Prefetch an array different from the block size? efficient 'staging'

I’m trying to design an efficient kernel, and right now everything looks like it will fall perfectly into place except the prefetch into shared memory, which I’m not sure how to deal with.

The block size I want to use is 16 x 16 threads, but the input data per block is 22 x 22 floats. I really want this to be in shared memory, as it gets 49 hits per element (the next kernel that the data goes to after this one is similar, but with 123 hits per element).

The method I’m thinking of right now is to do something like this:

#define BLOCK_WIDTH 16

#define ARRAY_WIDTH 22

#define IPT_WIDTH 1024

__global__ void myKernel( float* input, float* output ) {

__shared__ float myInputs[ ARRAY_WIDTH * ARRAY_WIDTH ];

if( threadIdx.x == 0 and threadIdx.y == 0 ) {

      int curIndex = 0;

      int frameIndex = blockIdx.x + IPT_WIDTH * blockIdx.y;

      int frameRetrace = IPT_WIDTH - BLOCK_WIDTH;

      for( int i = 0; i < ARRAY_WIDTH; i++ ) {

      for( int j = 0; j < ARRAY_WIDTH; j++) {

                    myInputs[ curIndex ] = input[ frameIndex ];




               frameIndex += frameRetrace;




                    /*                    rest of kernel code                        */


Can anyone tell me whether the above looks like a reasonable way to do this?


As I have understood - the problem consists in effective puting the block 22x22 into shared memory. It will be effective if everyone thread will read it’s own pice of memory.

Try to do something like this:

union __align__(16)  un16


	unsigned char c[16];


typedef un16 union128bit;

__global__ void myKernel( float* input) 


extern __shared__ float myInputs[];

int threadnum = threadIdx.x + 16*threadIdx.y;

//22*22*4 = 16*121

if (threadnum<121)


           //here calculating index

           *(union128bit*)&myInputs[4*threadnum] = *(union128bit*)&input[index]; 

           //reading 16 bit



//process shared


To effective execution this code use cuda 0.9

I think I can see what you’re saying, but I don’t really understand why it would help to have more than 16 threads at a time calculating indices / making requests (assuming there’s one control unit per multiprocessor to resolve opcodes with). The only thing I can think of is that these accesses aren’t really turning up in the compiled kernel at all, but instead get preprocessed and diverted to some kind of programmable memory controller?
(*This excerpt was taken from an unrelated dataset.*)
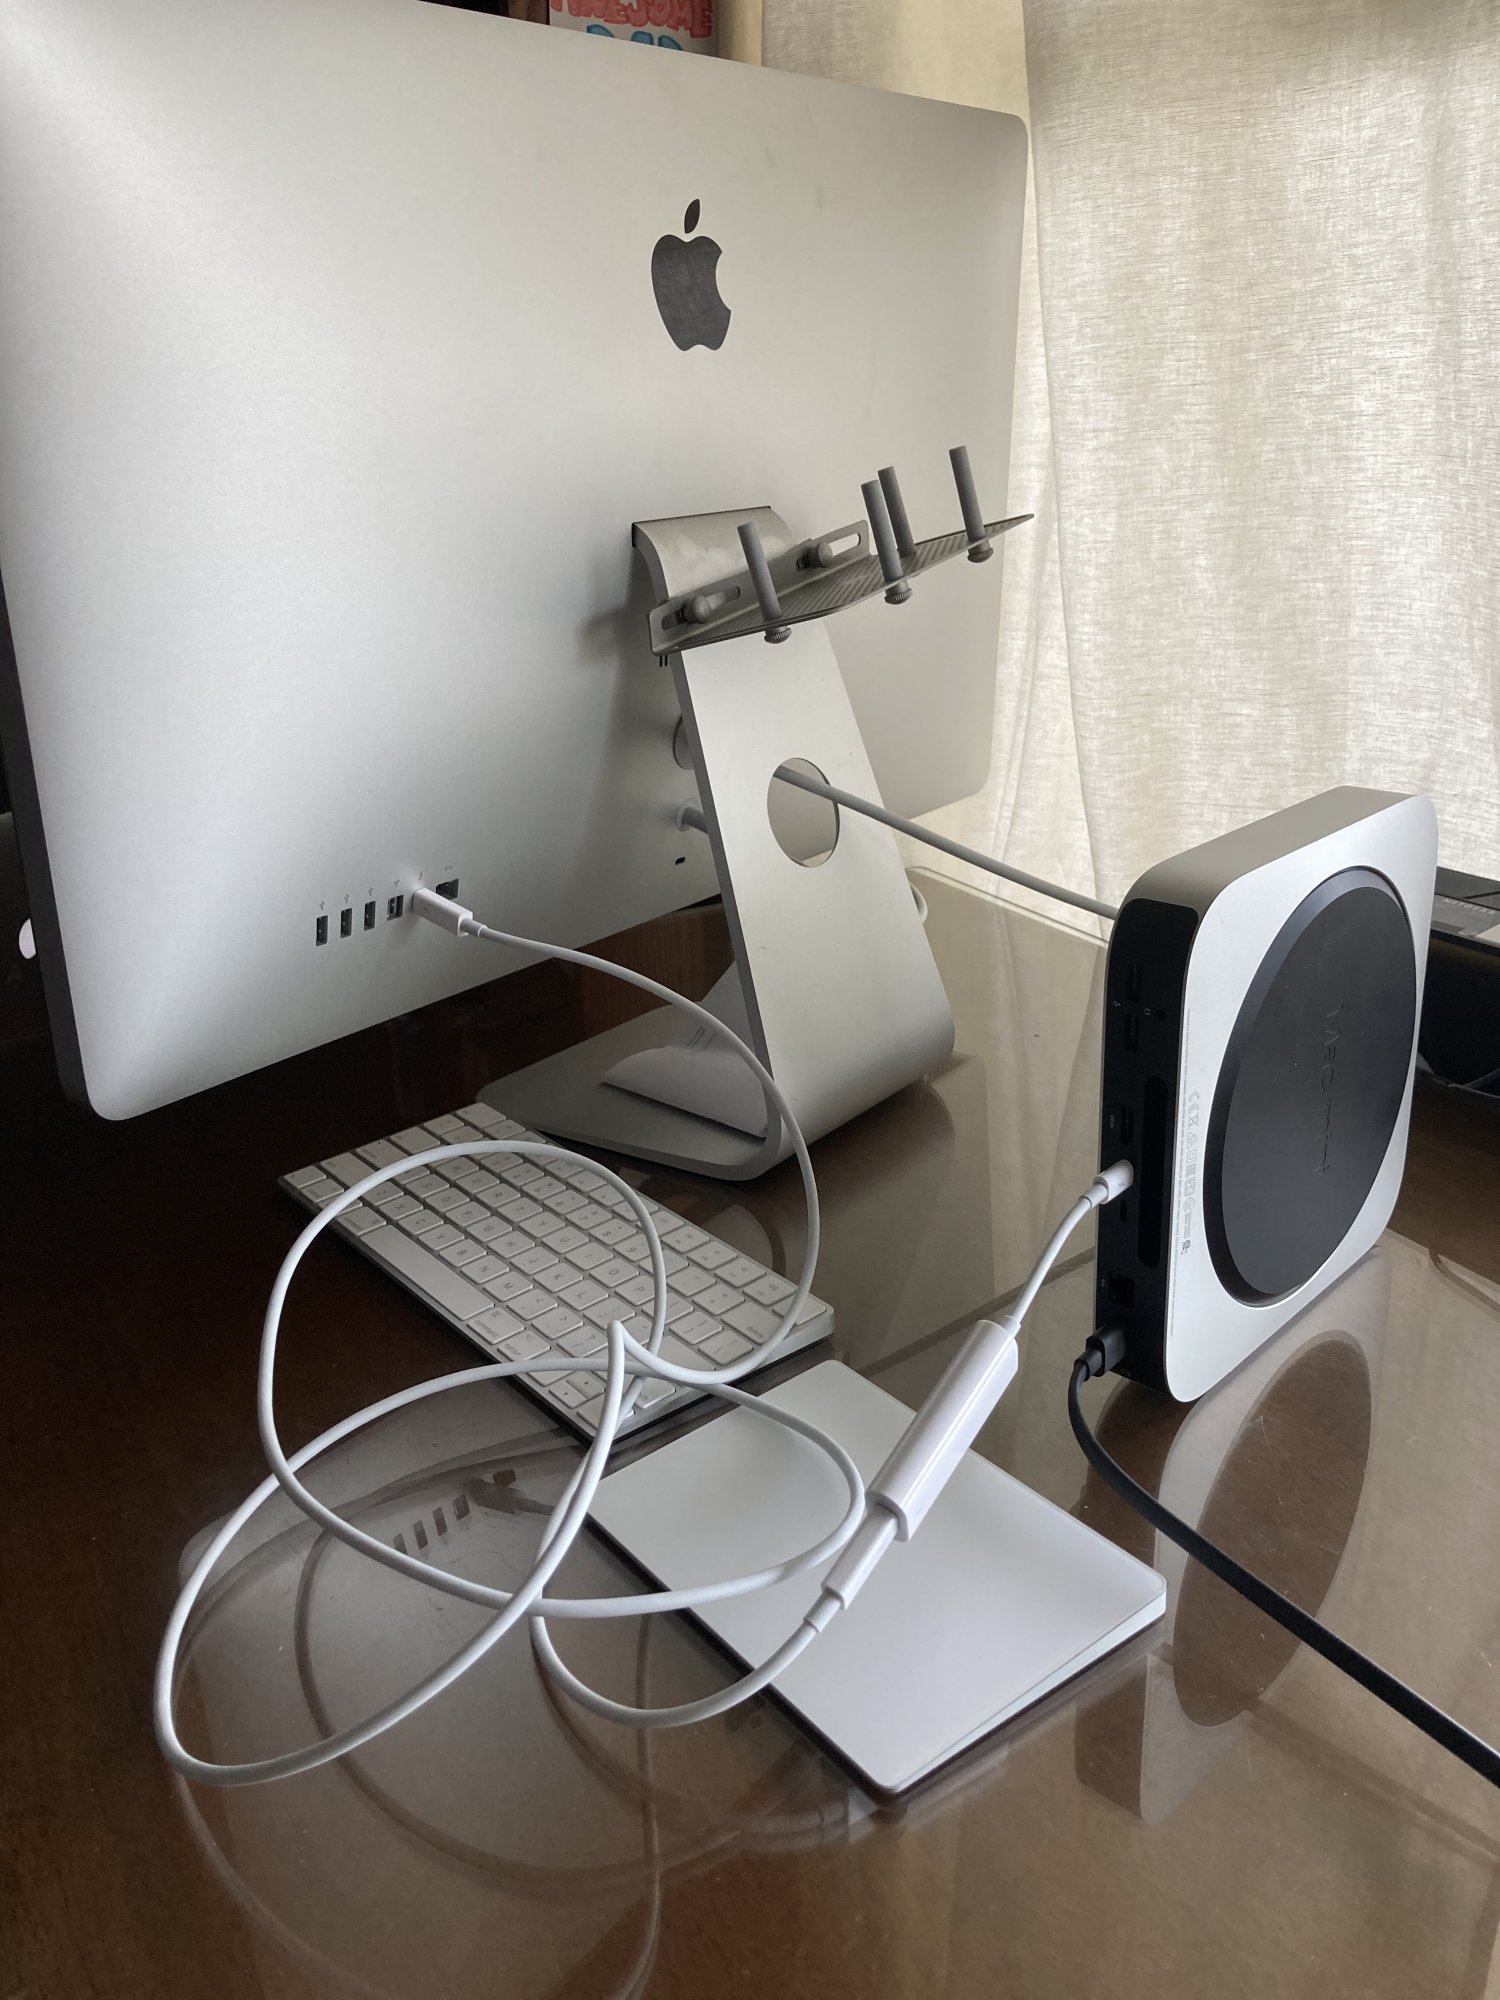 27" Apple Display M1 Mac Mini | Page 2 | MacRumors Forums

Looking back, though, it does appear that what I had would be slow, as the GPU will treat those all as separate accesses, and I would only be getting 32 bits out of 384 (plus, the row / column strobes will probably get triggered each time too). This leads me to think that I do need to use something like what the above post describes so the chip’s batching feature will get used.

What would be really nice, though, would be some kind of device memcpy instruction that would let me directly request an n-byte continuous read / write, like this:

prefetch_to_shared( global address, shared address, bytes )
dump_from_shared( global address, shared address, bytes )


There’s no way the G80 doesn’t have a feature like this, as it’s the only way to get decent performance from DRAM. Maybe there is (or should be) a way to access it by itself, rather than indirectly through per-thread access requests?


I don’t want to keep bumping this thread needlessly, so I’ll just put an update here:

Using a for-next loop of 22 threads reading one contiguous section at a time makes it go fast enough that I don’t care about speeding it up any more.

The operation I was porting was about a 1-second process on the CPU, while the G80 version is completing in about 7-8 milliseconds (from the time the kernel is called until the thread unblocks). By comparison, it took a LOT of effort to get the original version as fast as it was, while the GPU variant was just sort-of thrown together…